## ASSIGNMENT
All of the data below should come back exactly as written, minus its images.

[DATA BLOCK]

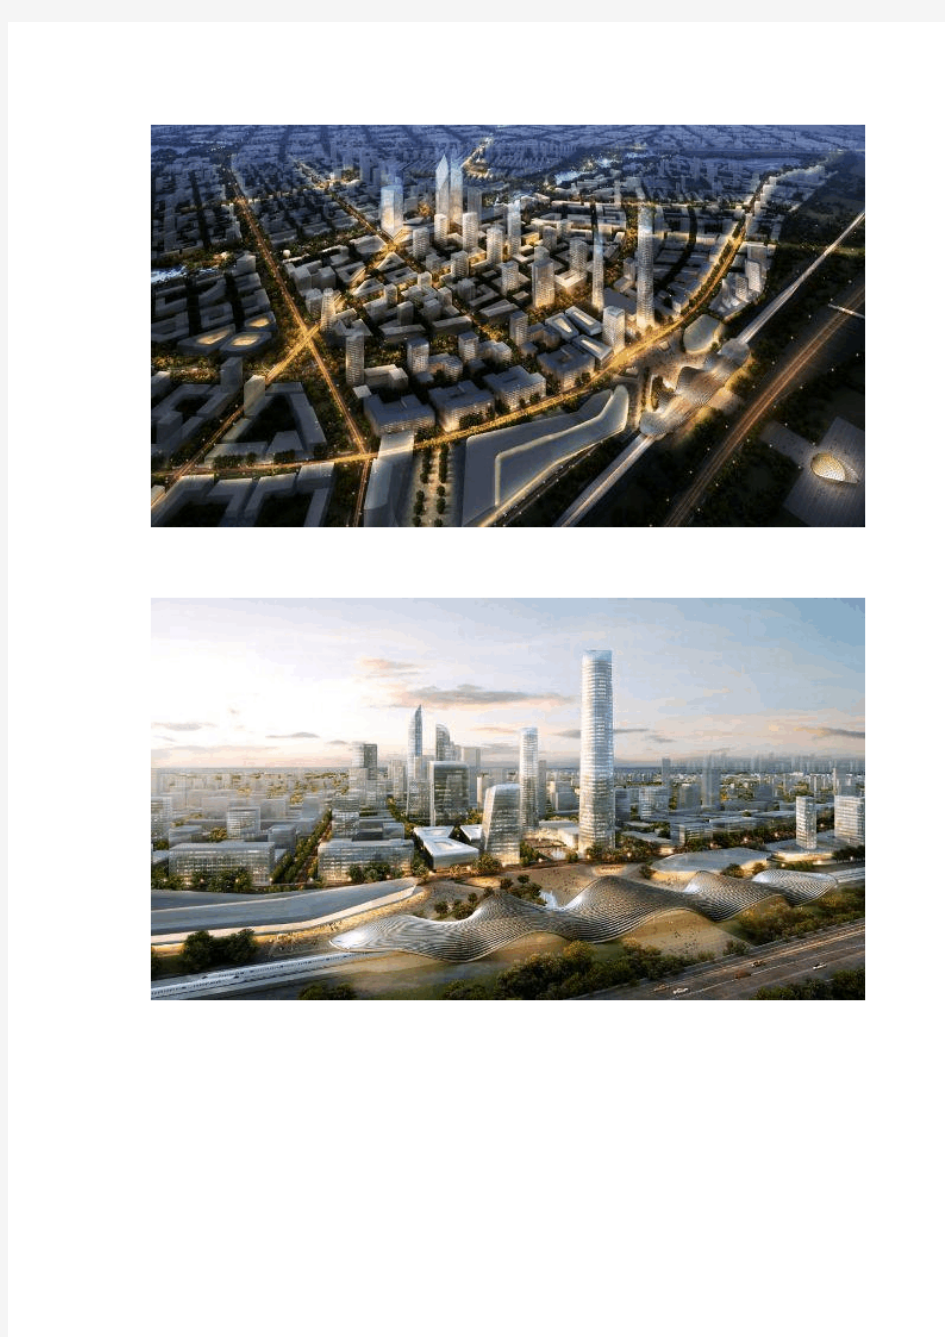 中国,北京,环渤海创新城总体规划中标方案SOM建筑设计事务所
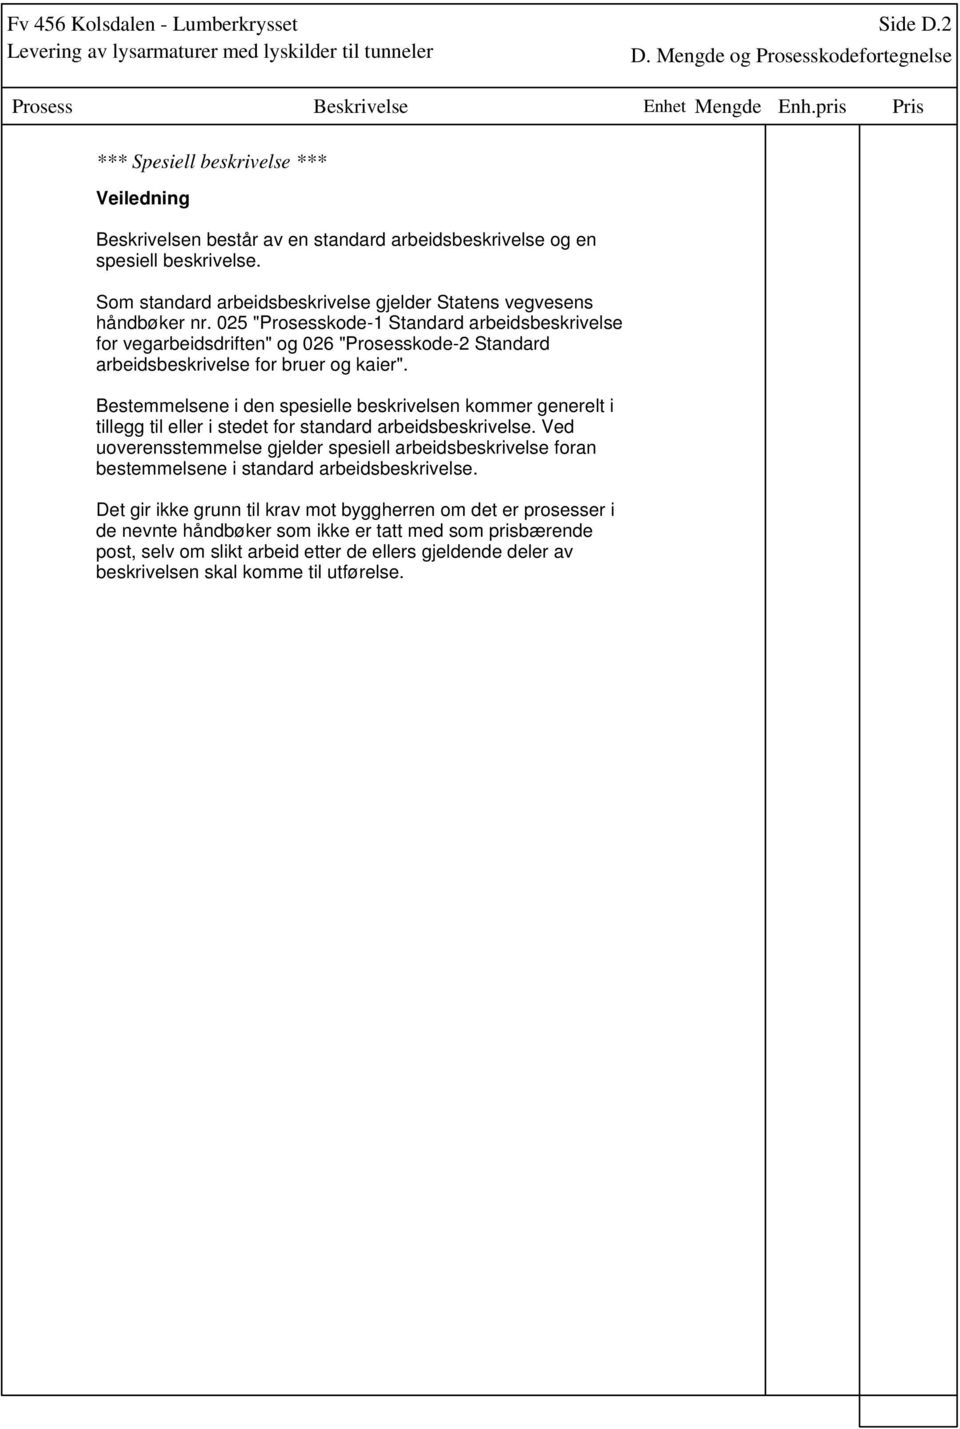 025 "Prosesskode-1 Standard arbeidsbeskrivelse for vegarbeidsdriften" og 026 "Prosesskode-2 Standard arbeidsbeskrivelse for bruer og kaier".
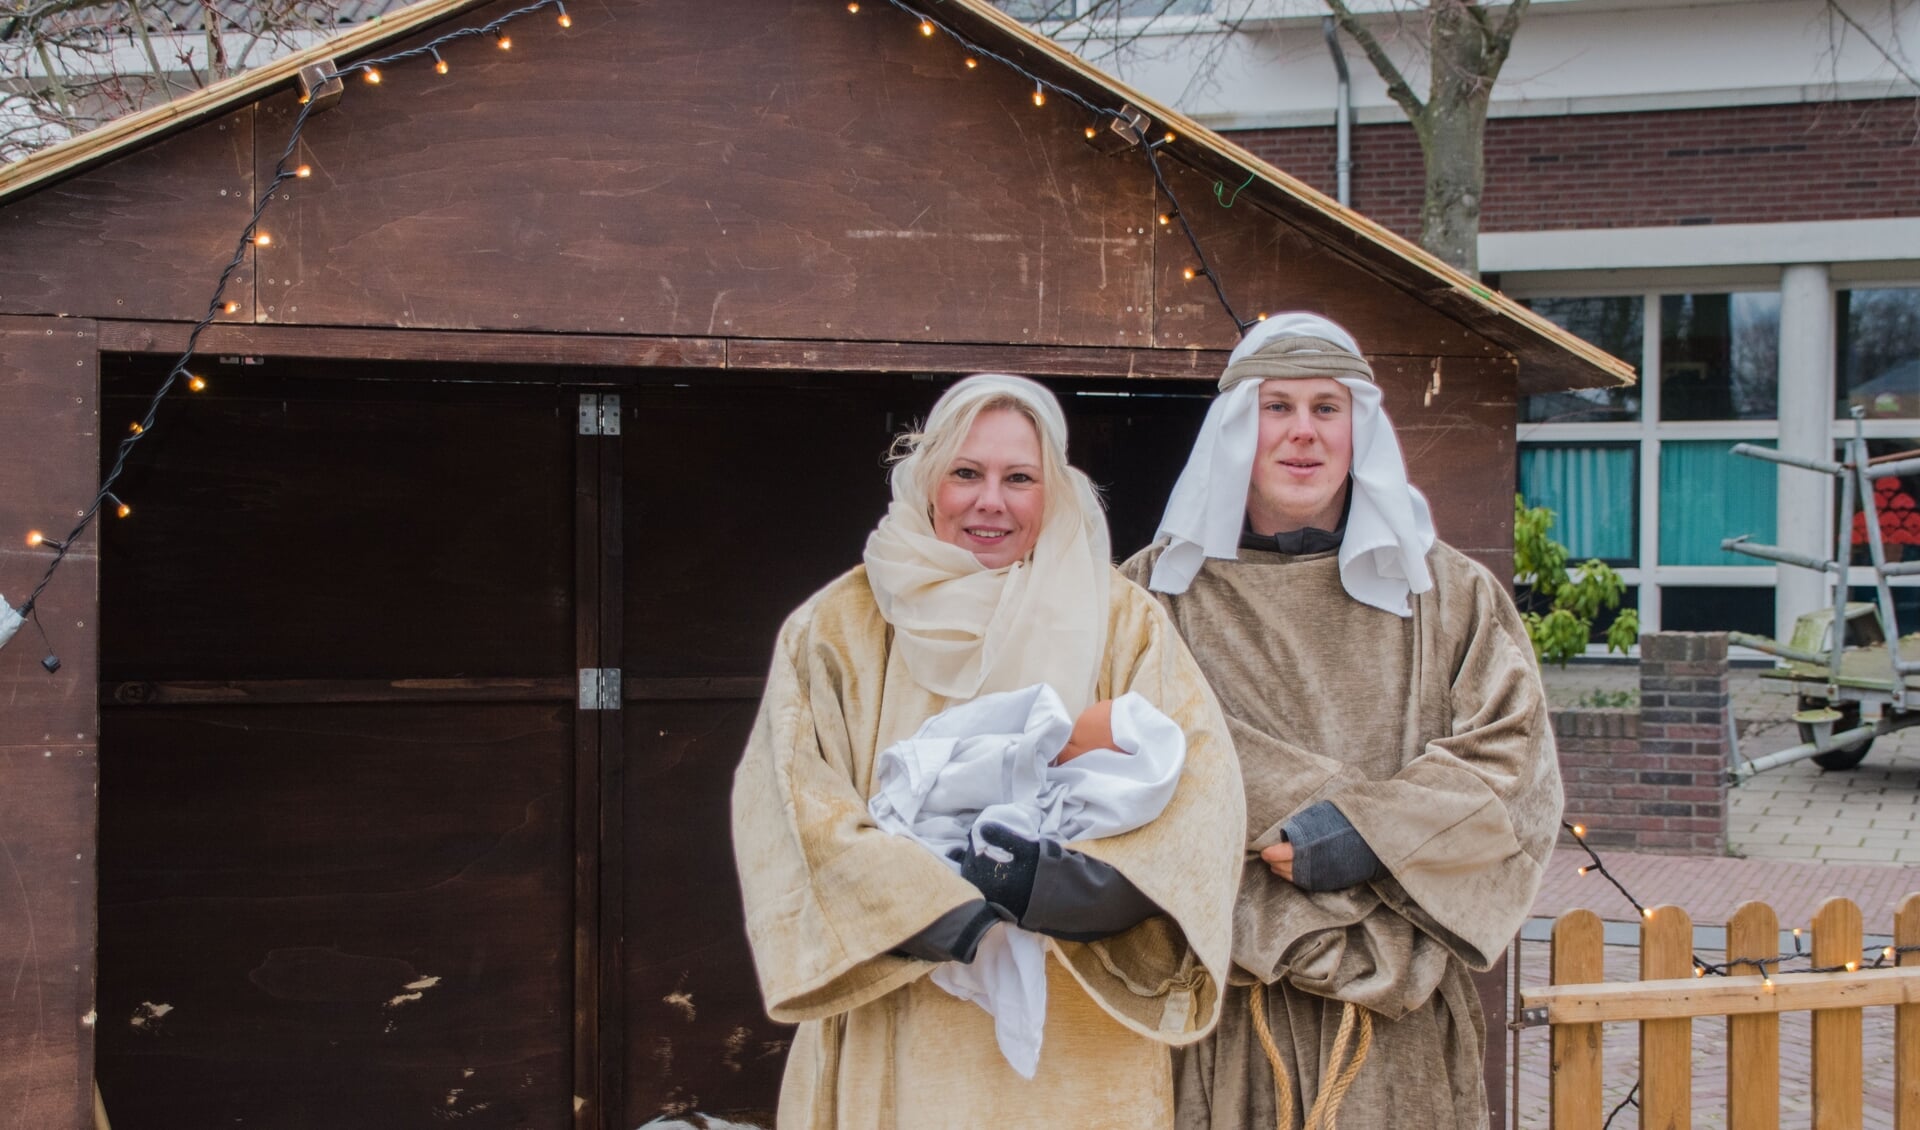 Jozef en Maria staan op menig kerstmarkt in het land, maar komen zelden een sfeervollere als die in Vorden tegen. Foto: Achterhoekfoto.nl/Jasper Blaauw

[/DATA BLOCK]

## ANSWER BELOW
 中国,北京,环渤海创新城总体规划中标方案SOM建筑设计事务所
 025 "Prosesskode-1 Standard arbeidsbeskrivelse for vegarbeidsdriften" og 026 "Prosesskode-2 Standard arbeidsbeskrivelse for bruer og kaier".
 Jozef en Maria staan op menig kerstmarkt in het land, maar komen zelden een sfeervollere als die in Vorden tegen. Foto: Achterhoekfoto.nl/Jasper Blaauw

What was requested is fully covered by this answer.